§ Task details
With the images removed, transcribe the listing that follows exactly.

§ Raw data
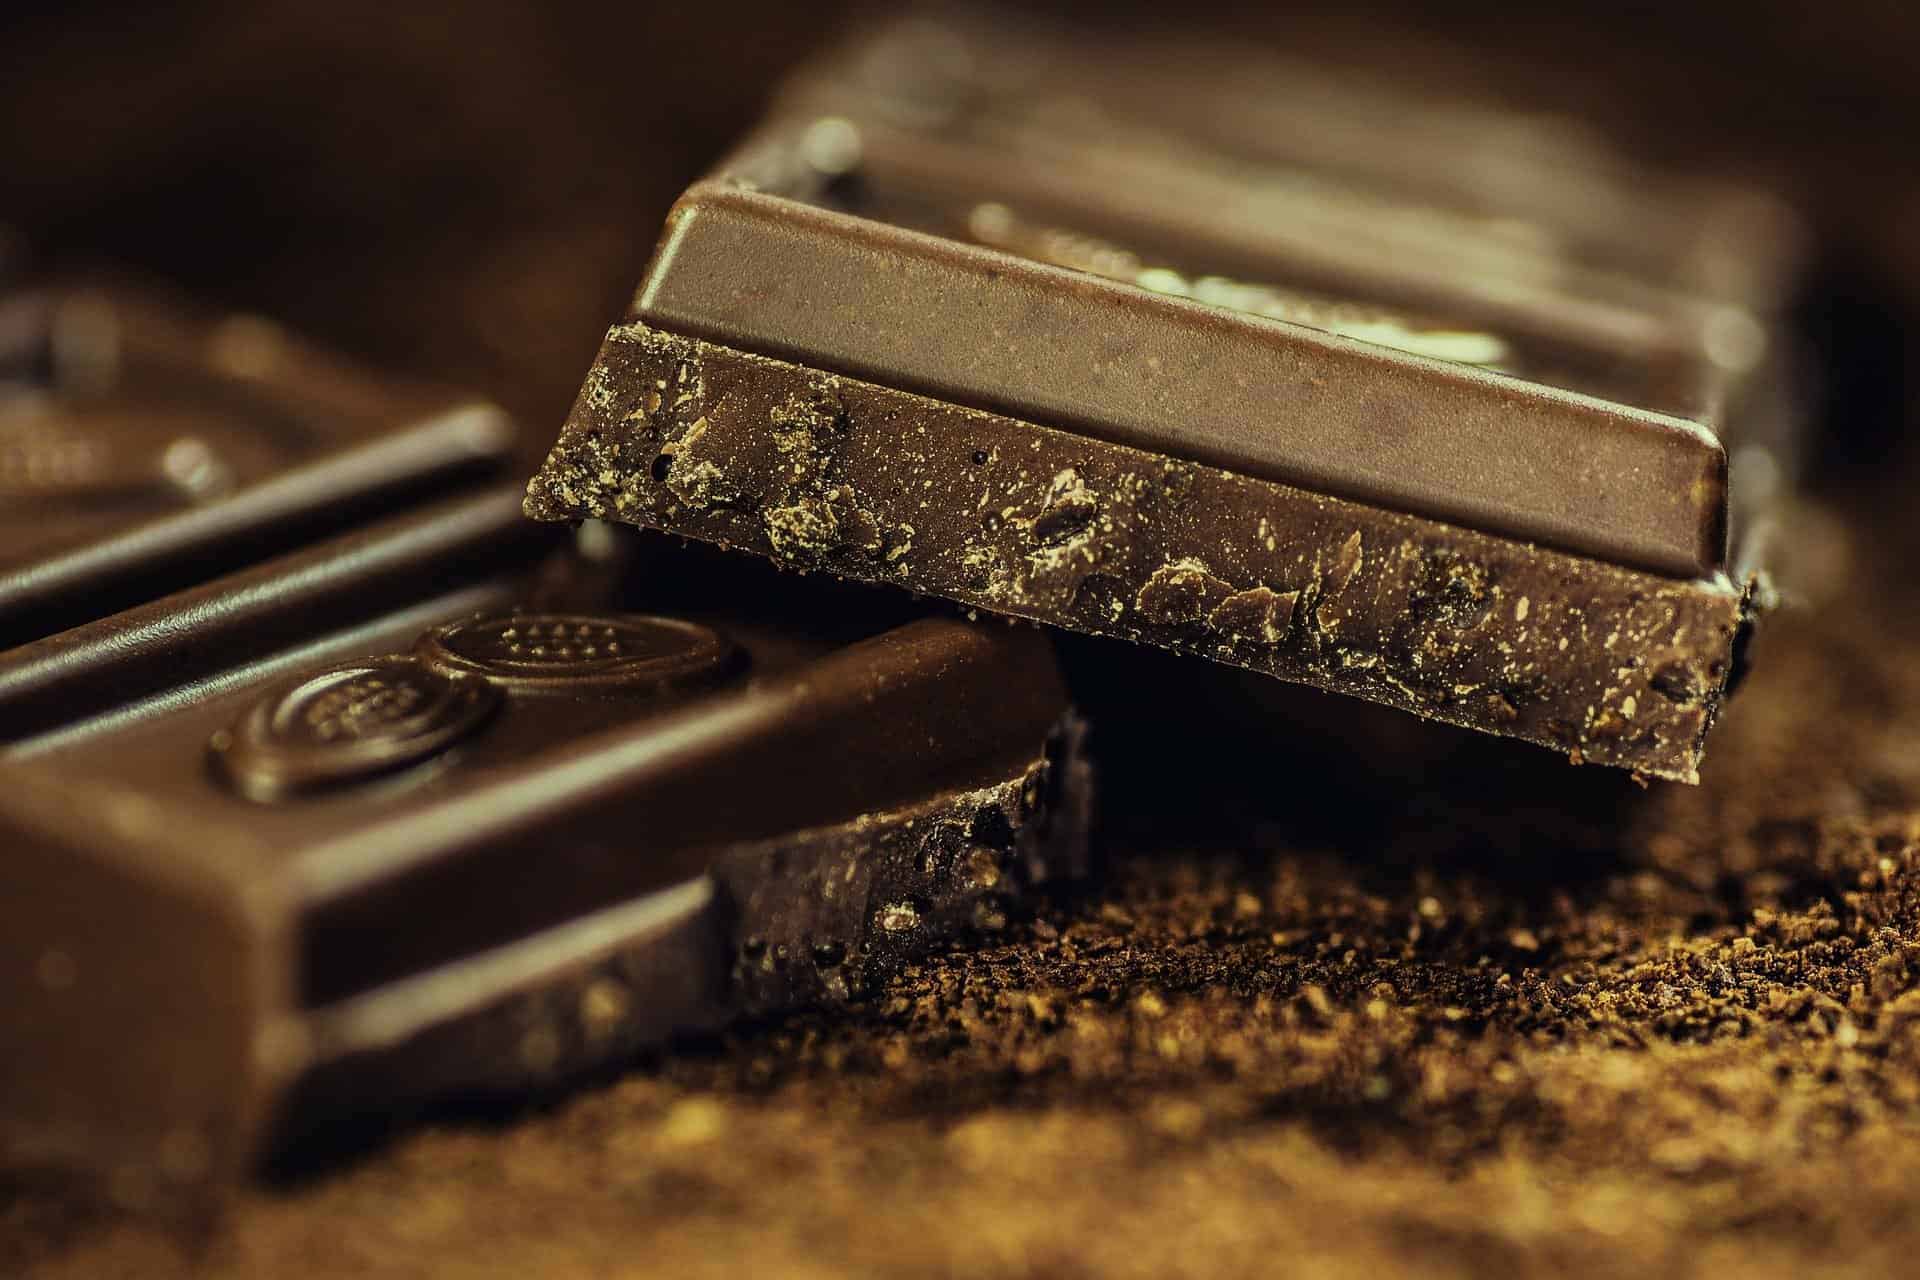 Schokolade in Großaufnahme. /pixabay
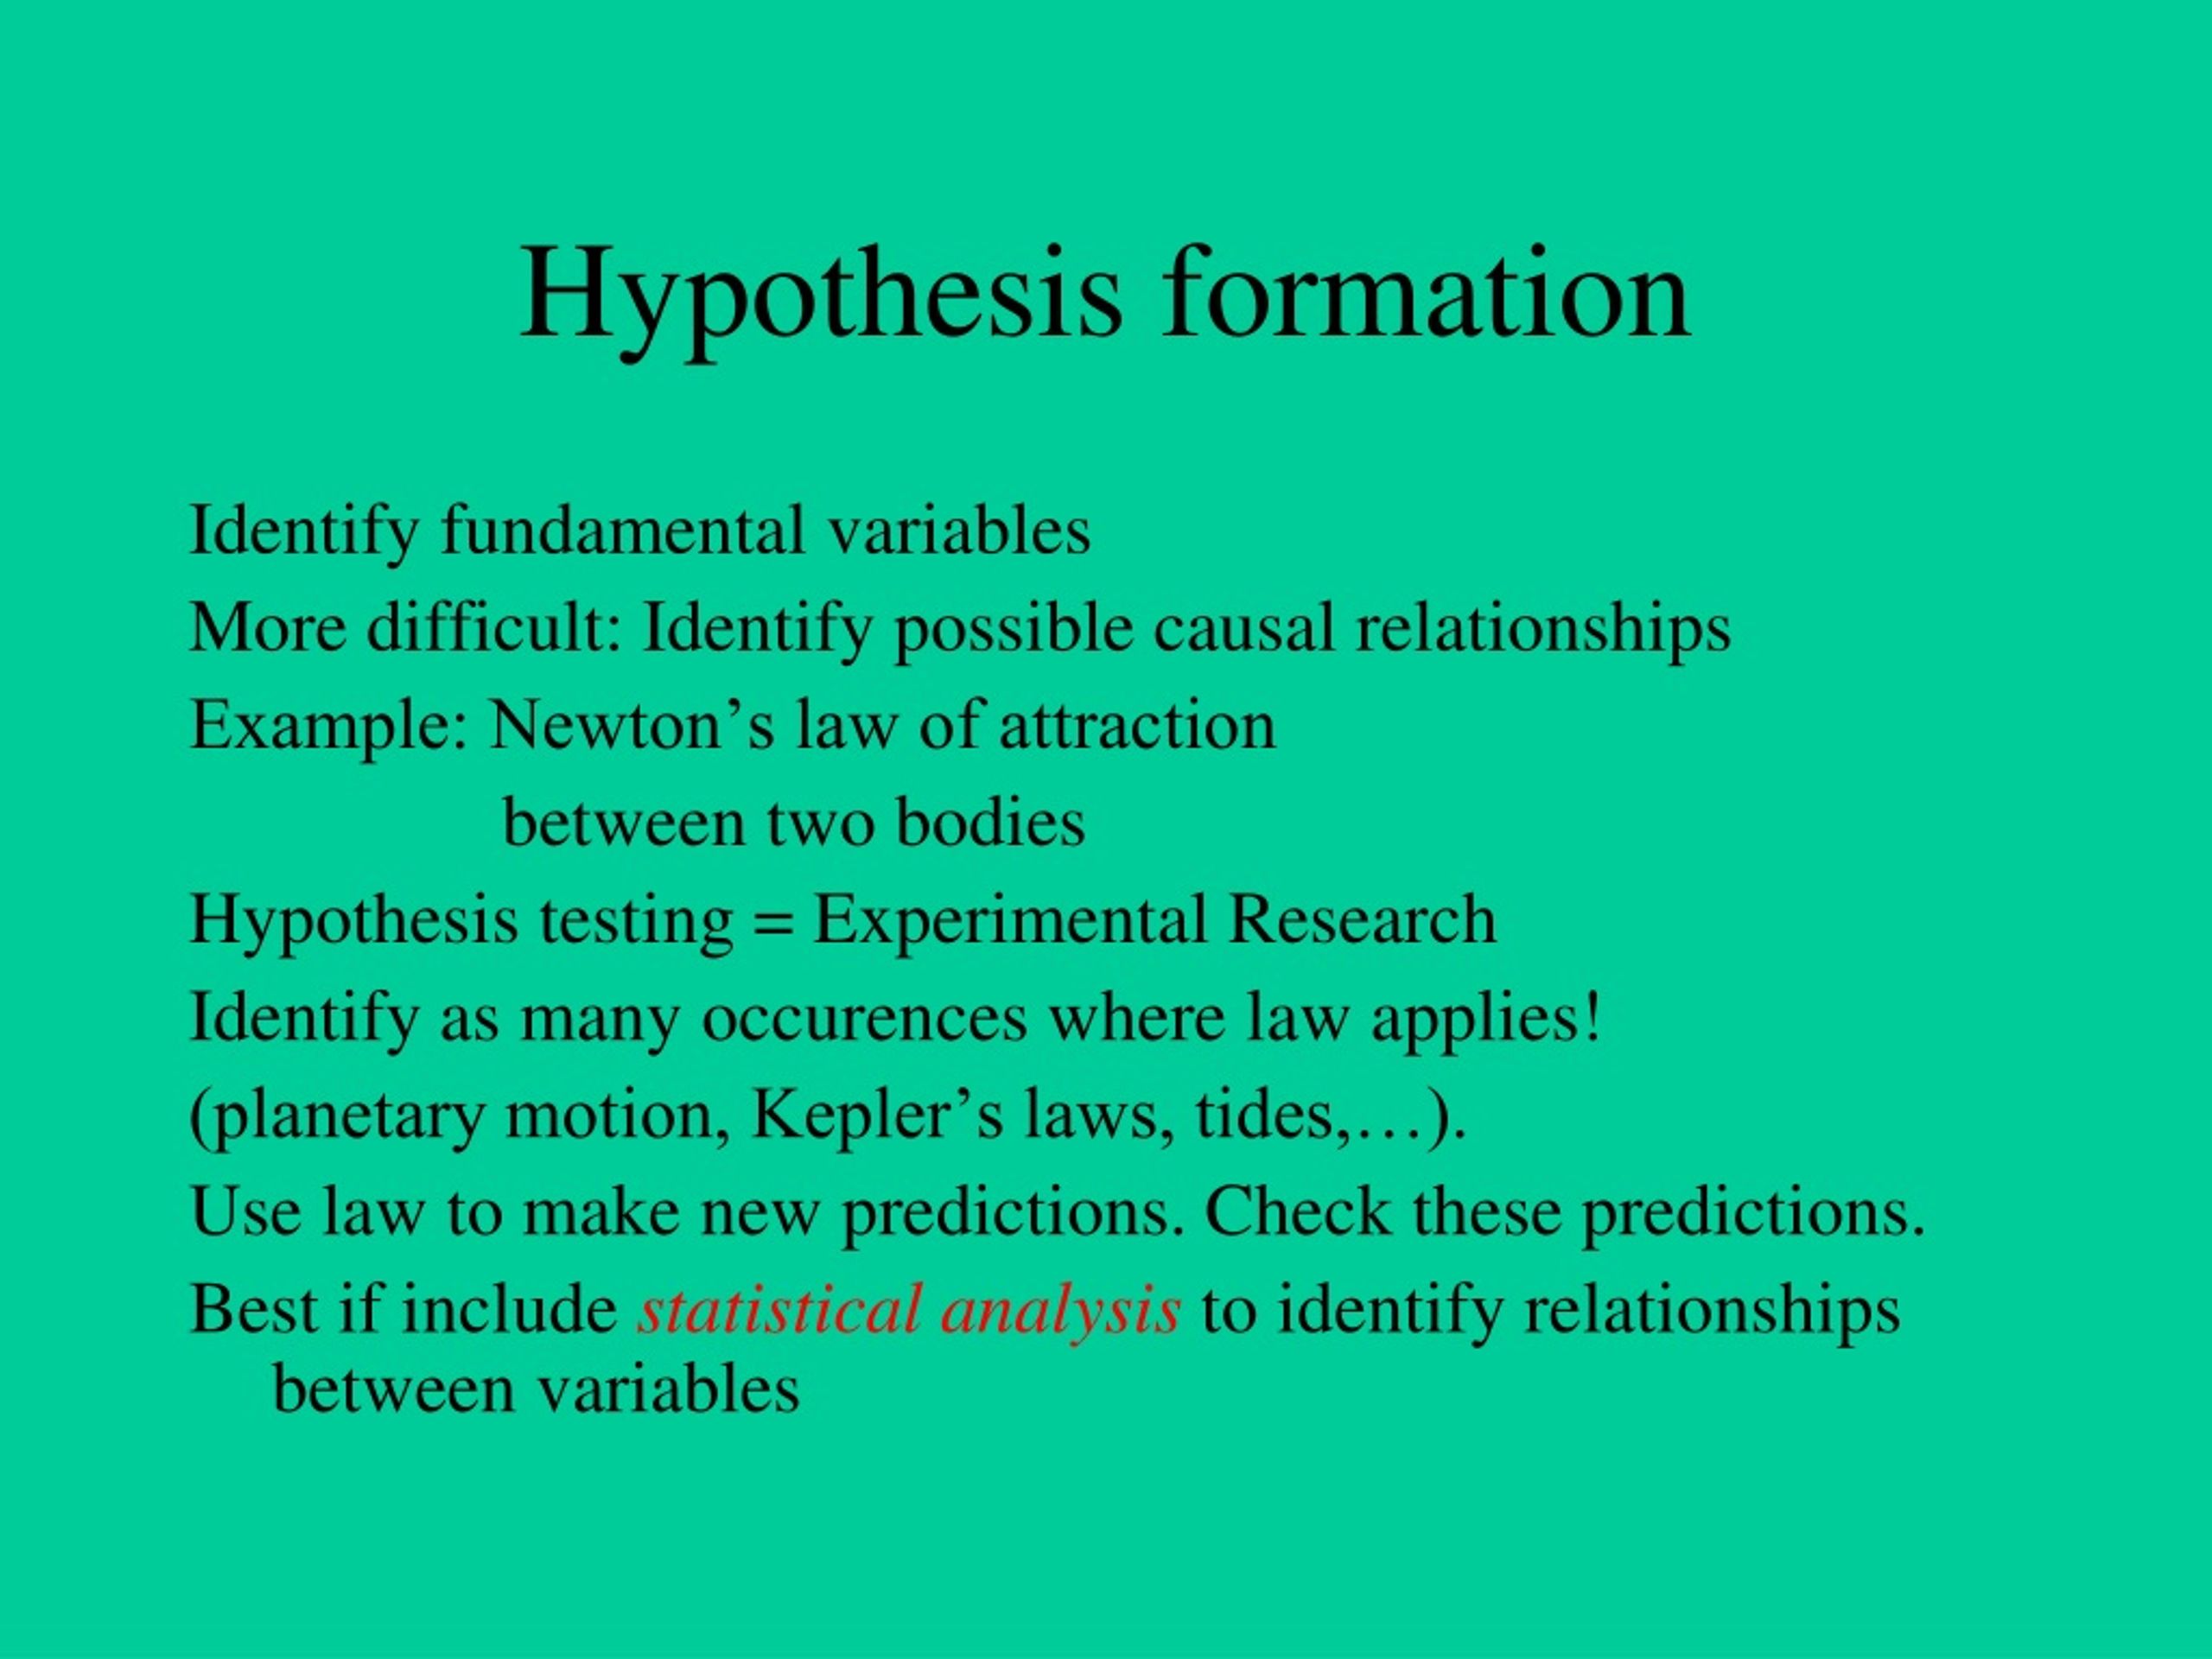 catastrophic hypothesis formation
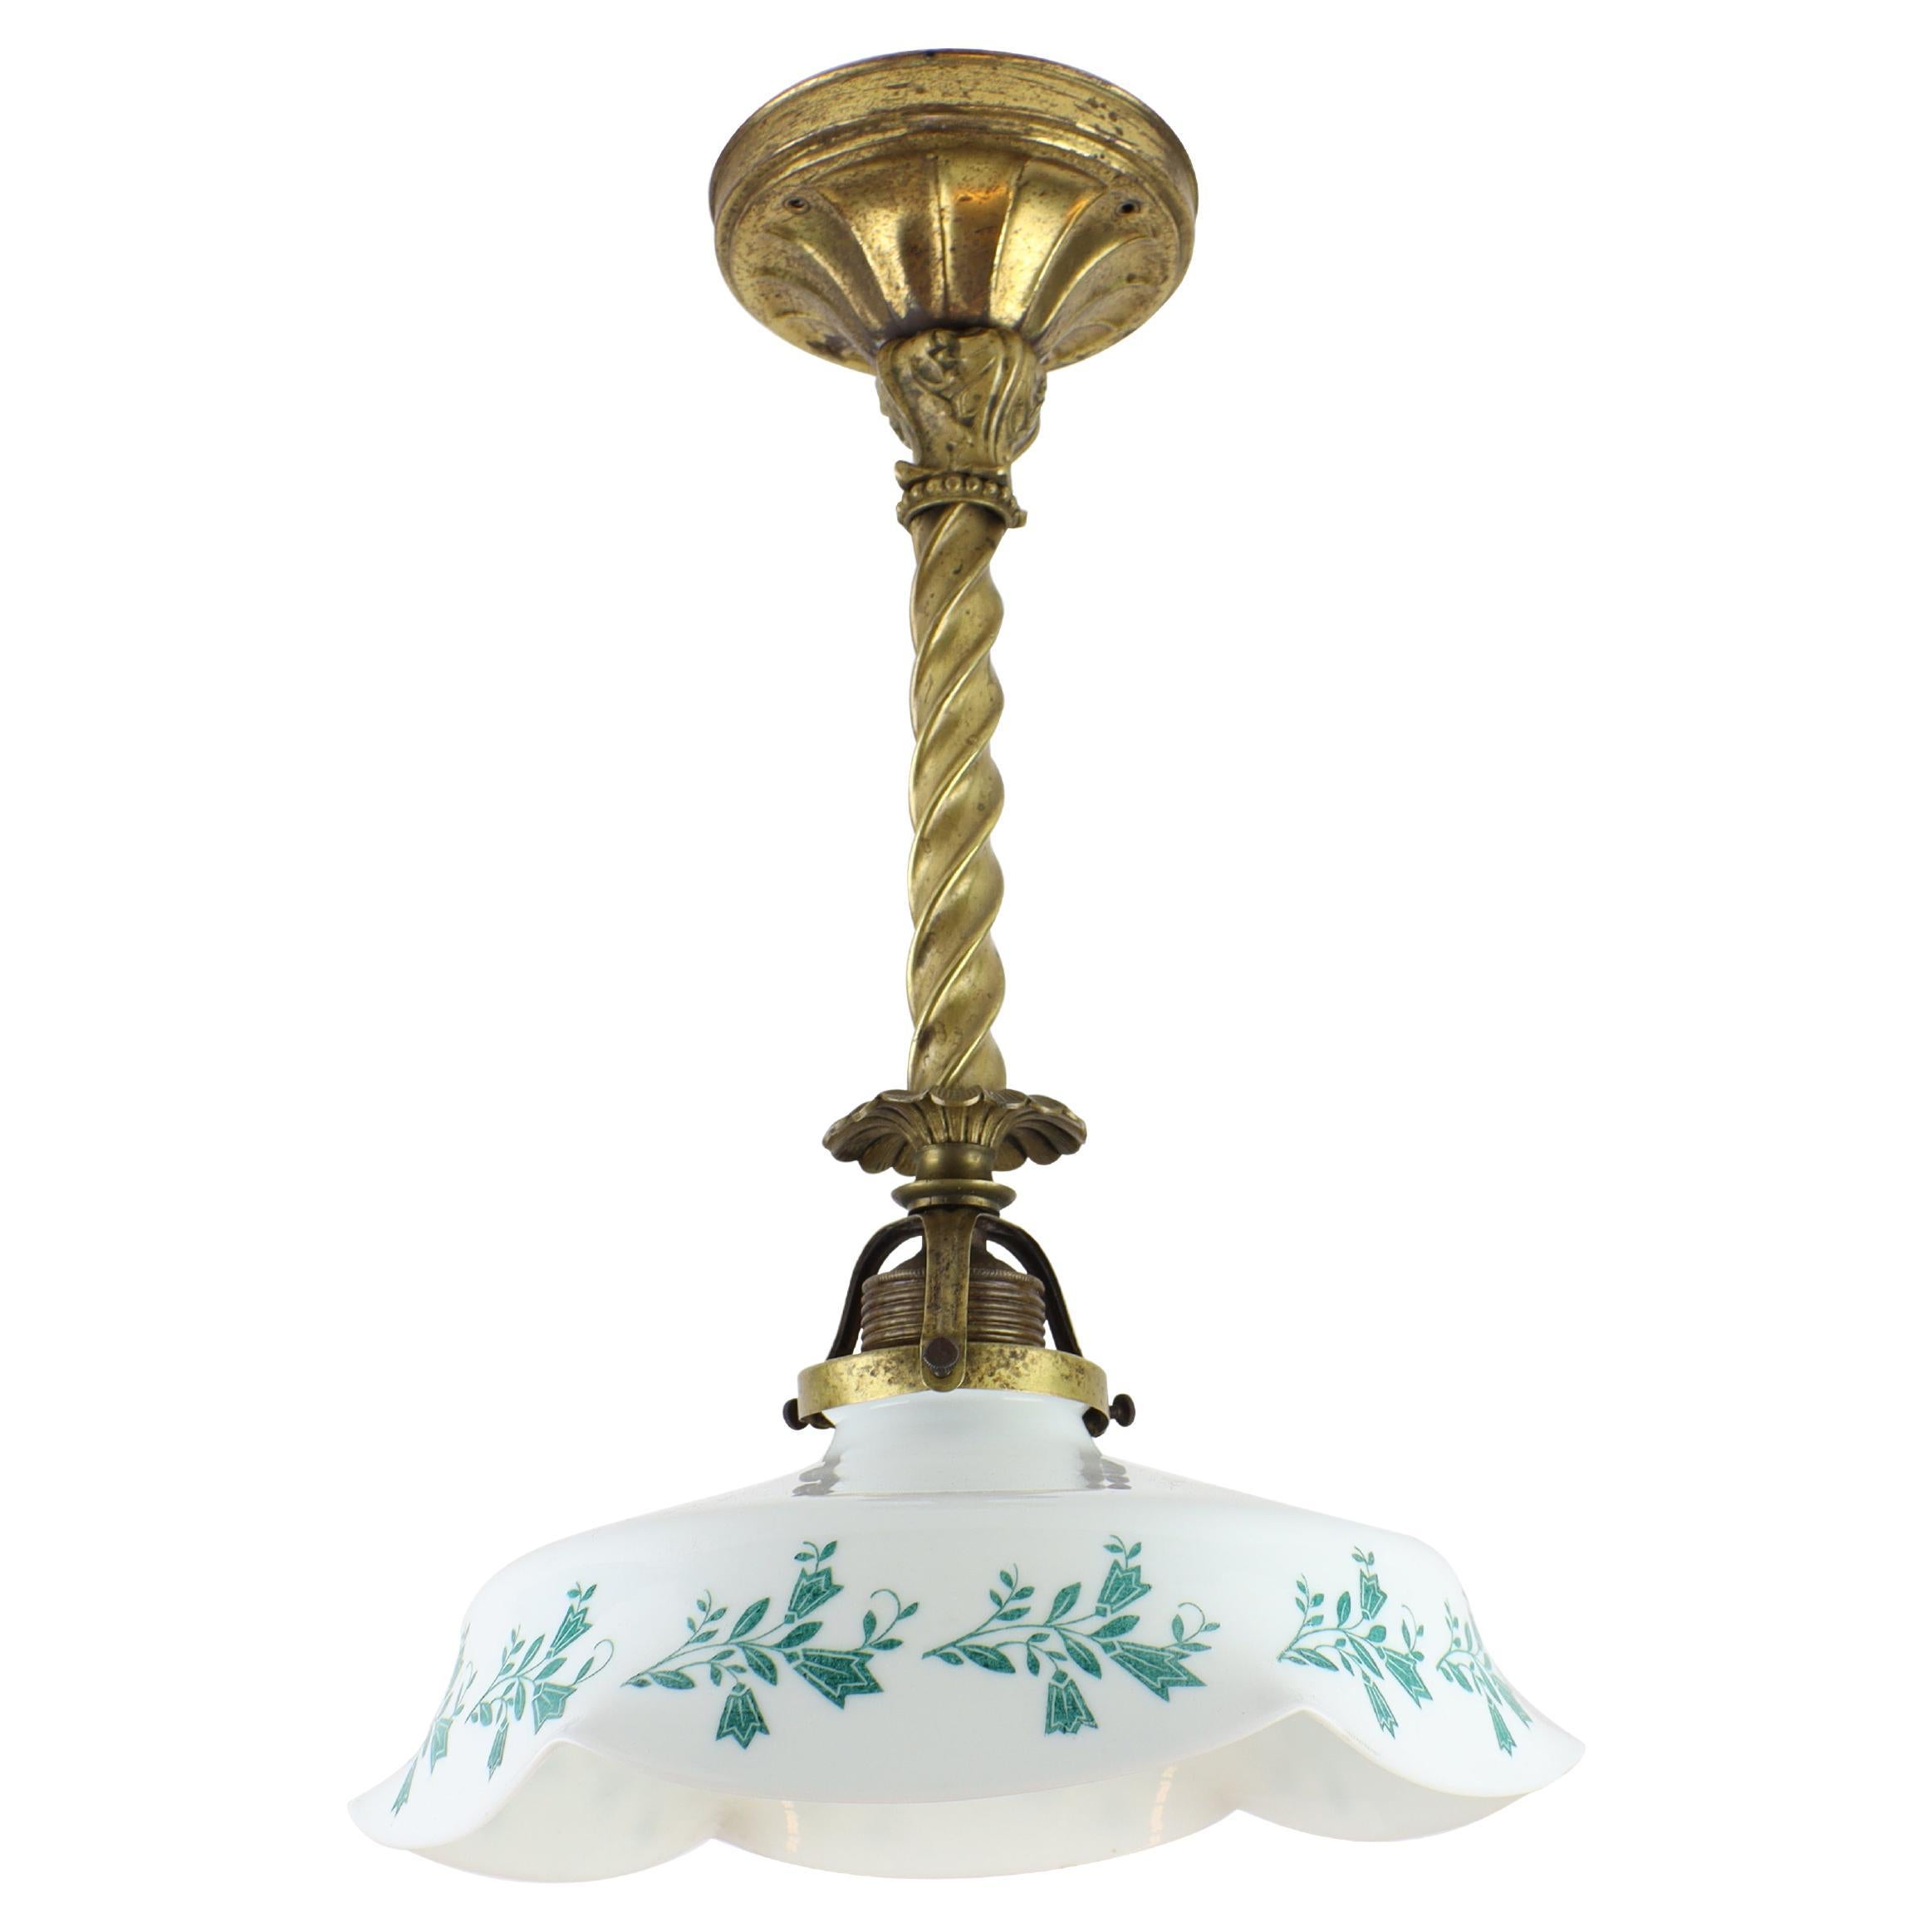 Art Nouveau Ceiling Lamp with Decorative Holder For Sale

§ Result of the task
 Schokolade in Großaufnahme. /pixabay
 catastrophic hypothesis formation
 Art Nouveau Ceiling Lamp with Decorative Holder For Sale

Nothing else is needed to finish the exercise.